→ What you should do:
Lines before the one containing "Apparatus and method" are not wanted; restate the rest below word for word, through the last line, but drop any pictures.

→ Provided material:
-----
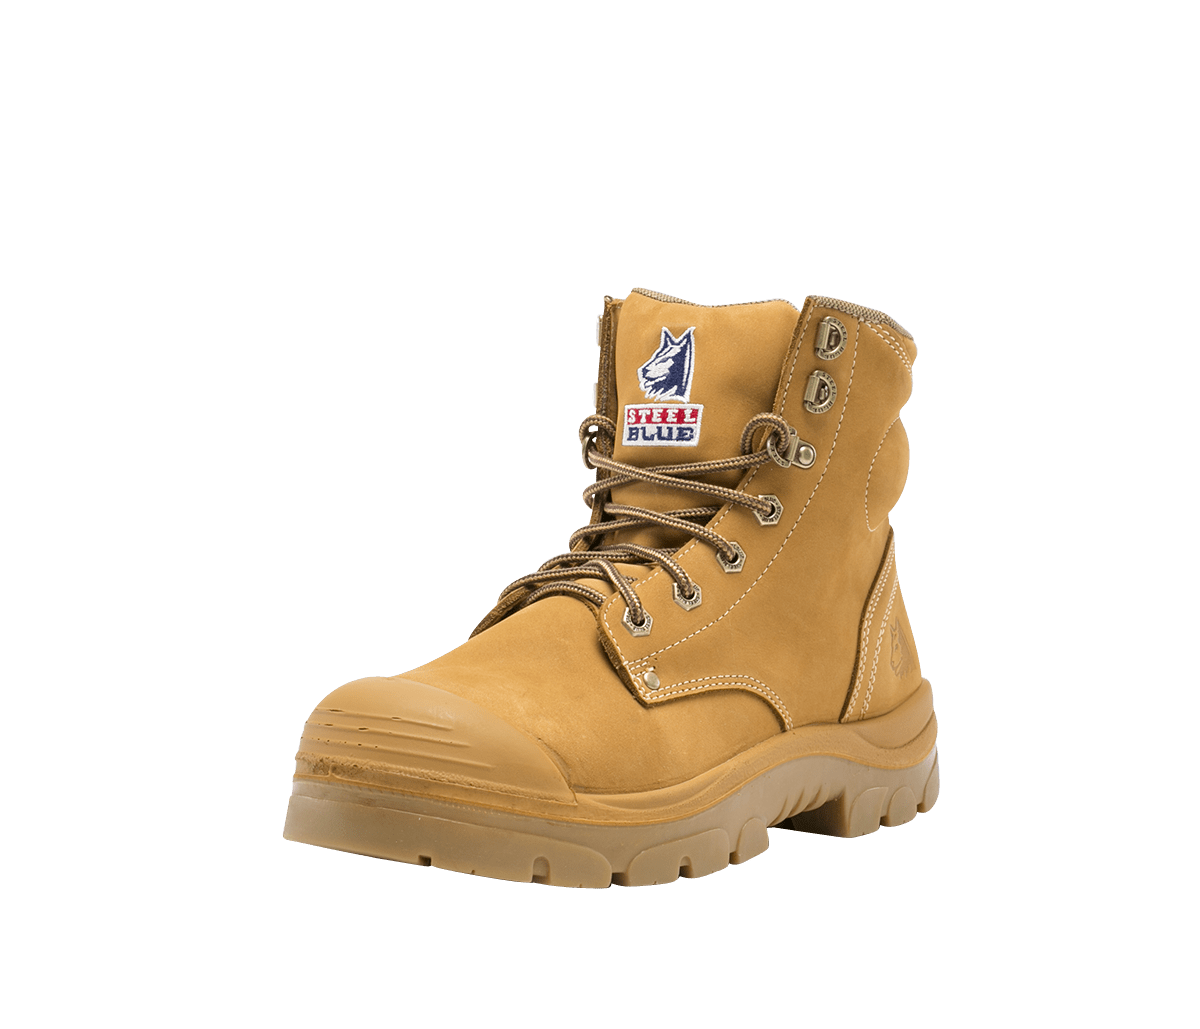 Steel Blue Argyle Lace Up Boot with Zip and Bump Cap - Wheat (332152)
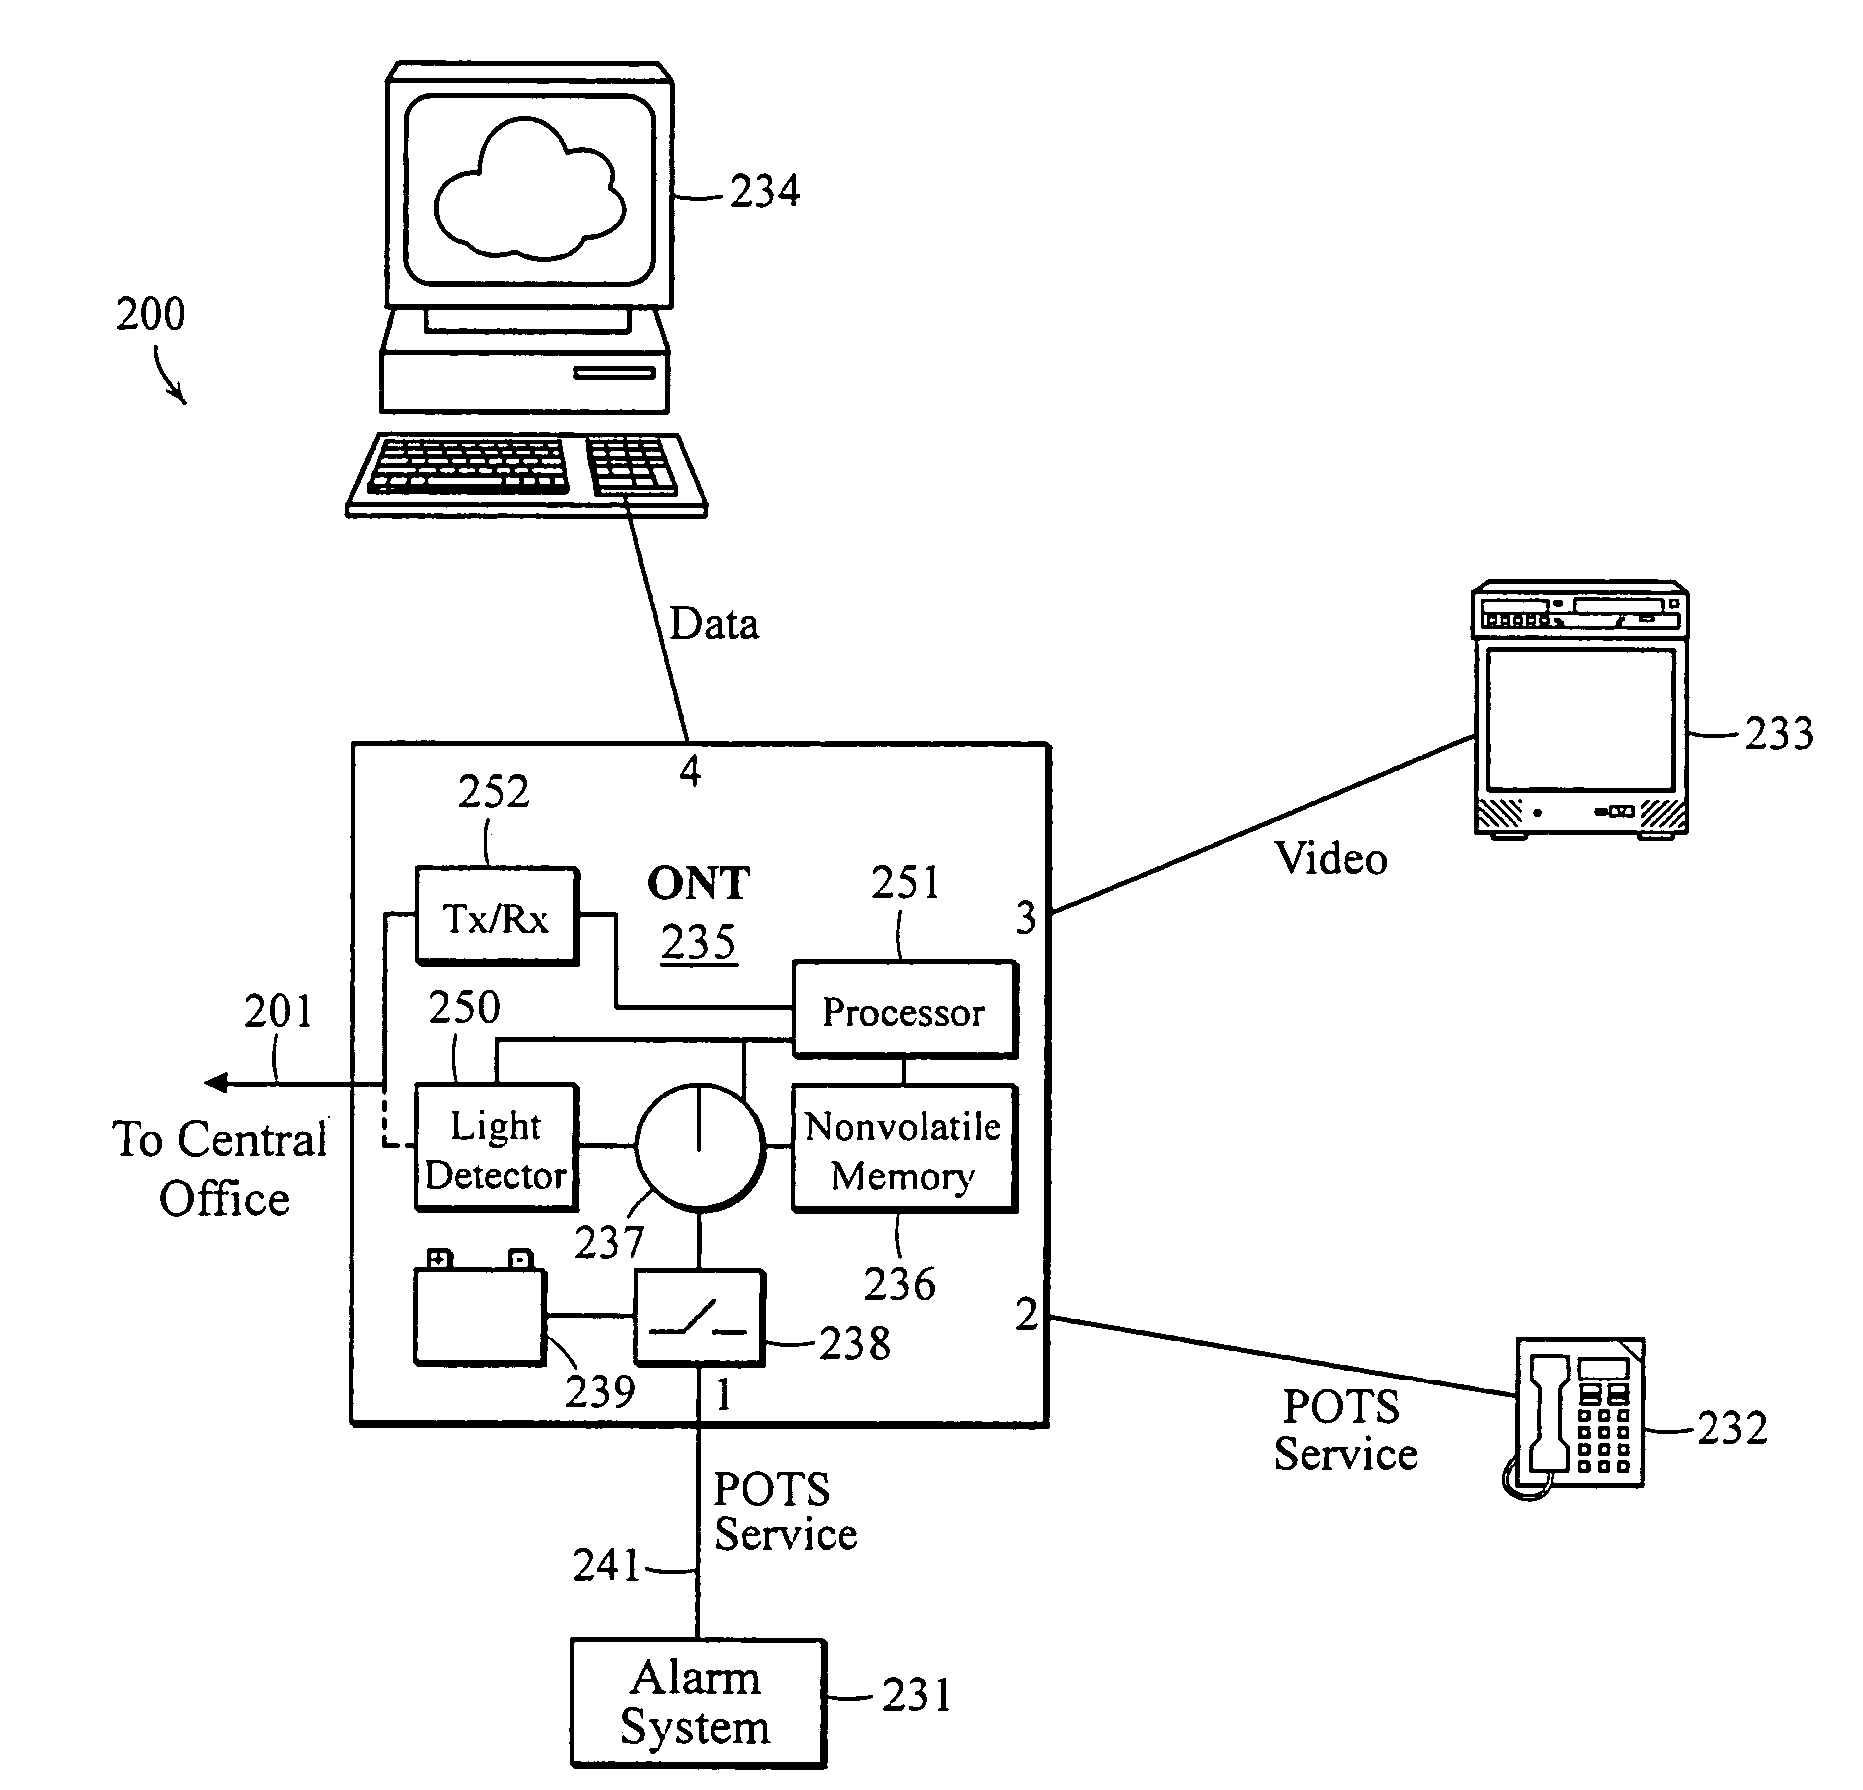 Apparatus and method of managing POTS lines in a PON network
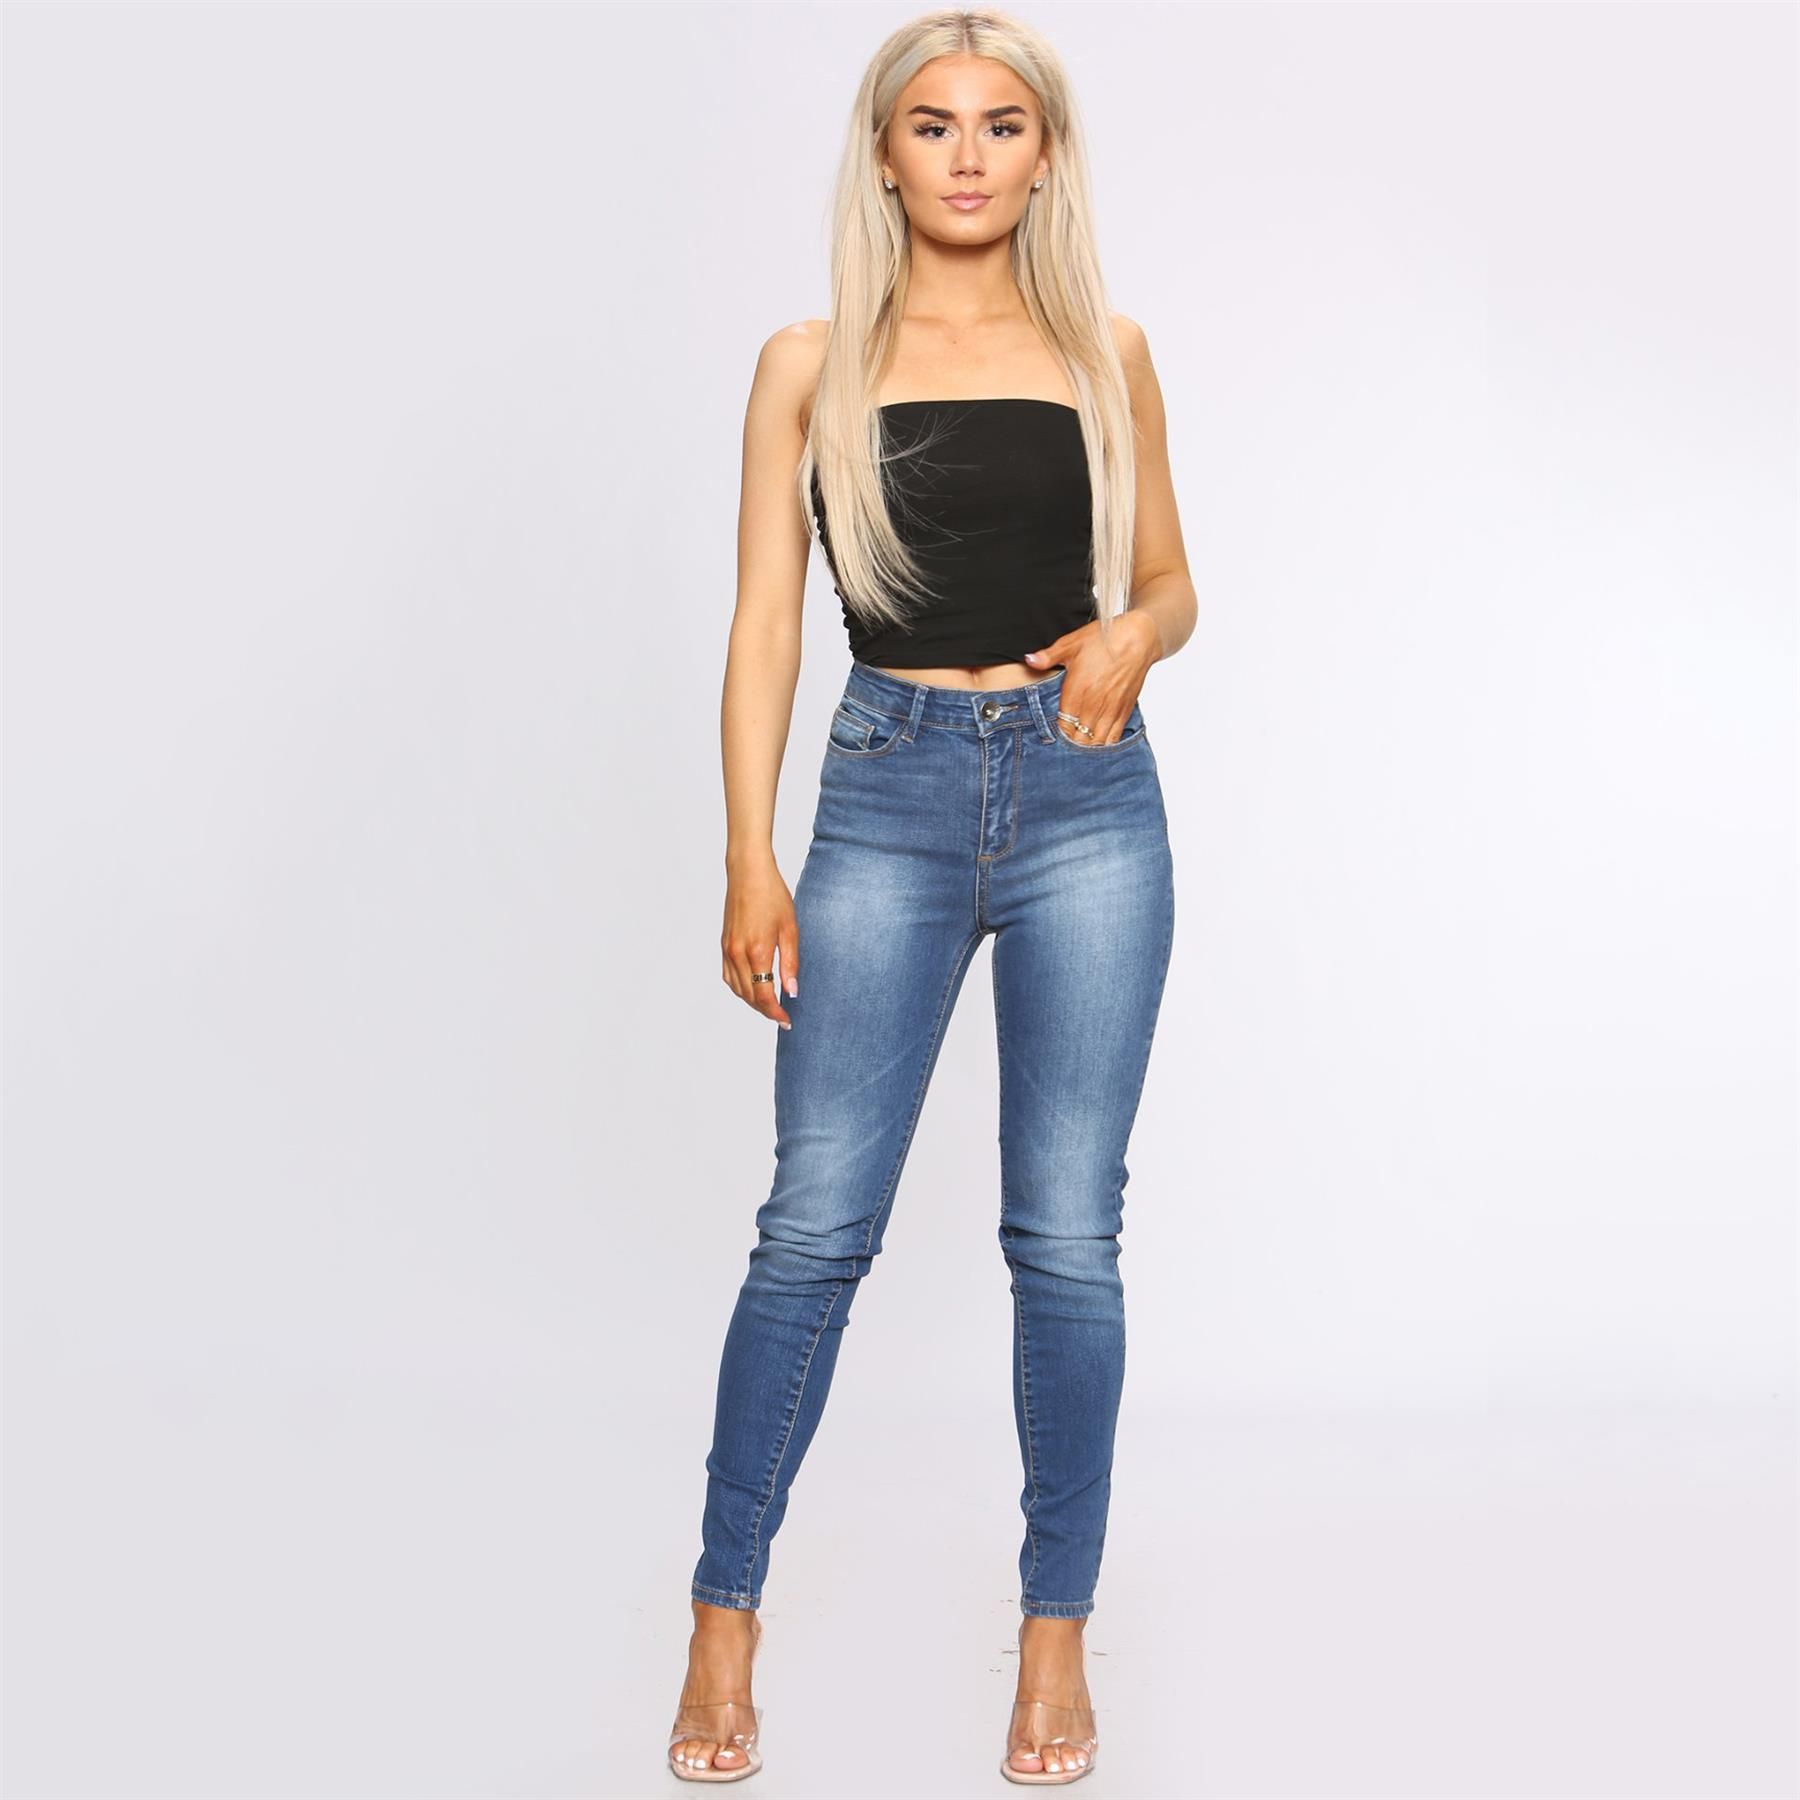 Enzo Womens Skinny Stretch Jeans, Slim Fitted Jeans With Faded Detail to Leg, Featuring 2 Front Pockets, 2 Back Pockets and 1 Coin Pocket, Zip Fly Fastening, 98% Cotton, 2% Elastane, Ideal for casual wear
-----
→ Response area:
 Apparatus and method of managing POTS lines in a PON network
 Enzo Womens Skinny Stretch Jeans, Slim Fitted Jeans With Faded Detail to Leg, Featuring 2 Front Pockets, 2 Back Pockets and 1 Coin Pocket, Zip Fly Fastening, 98% Cotton, 2% Elastane, Ideal for casual wear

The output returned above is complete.